Awakening is realising or remembering that you are already what you are seeking. How could you not be that, if it has always been that way from the very beginning, or seen in another way, why would you have to change something in your life to now be what you already are from the very beginning?
You got distracted, you thought you were something other than what you already were. So what? Who cares? Now is when you have the opportunity to see it, to experience it, to remember it. Now is when you have the opportunity to stop dreaming, now is when you have the opportunity to awaken.

And how did I “achieve” all this? Well, I learned the Bright Path Ishayas’ meditation techniques. I practiced as instructed, and maintained a constant and disciplined practice.
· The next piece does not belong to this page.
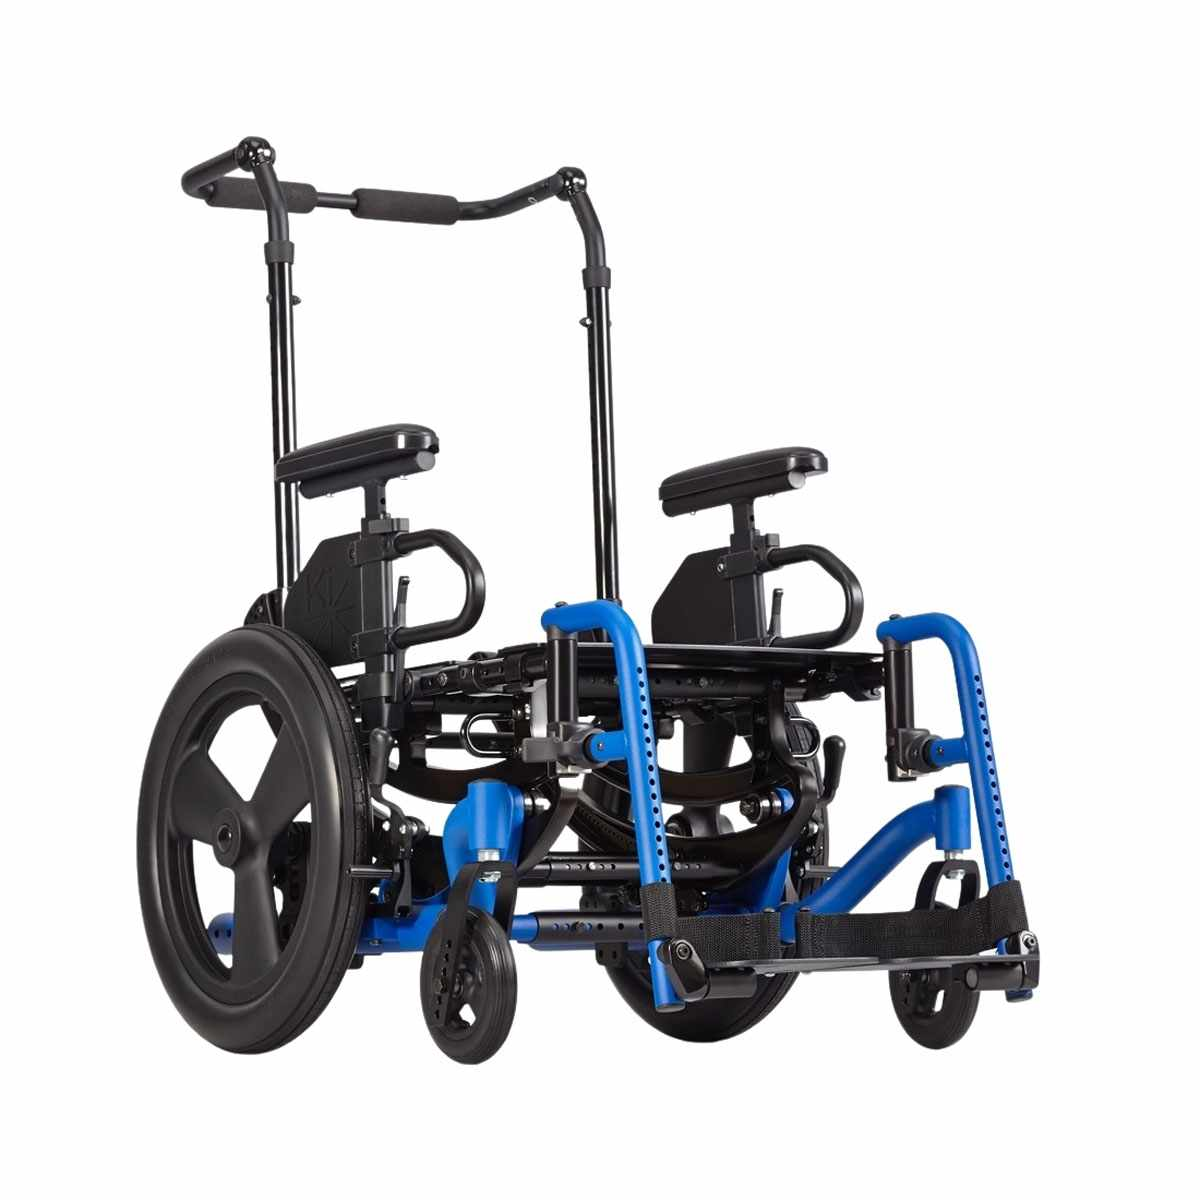 Ki Mobility Focus CR tilt wheelchair

The moments of remembering began to happen, and becoming conscious was the natural result. Without realising it at first, I had entered into the most wonderful adventure of my life. Without even knowing it, I had begun to take steps on the path of awakening. And one day, I experienced the ultimate simplicity: I could only be awake now – there was absolutely no need to struggle with thoughts.
Being awake “from the dream” now is not a process, but everyone has different paths to come to that realisation; it requires different experiences and/or recognitions, but everything, everything, everything is where it needs to be now.
Dare and commit to starting your own path now.
As Goethe said in his poem:
Concerning all acts of initiative (and creation),
here is one elementary truth,
the ignorance of which kills countless ideas and splendid plans.
That the moment one definitely commits oneself,
then Providence moves too.
All sorts of things occur to help one
that would never otherwise have occurred.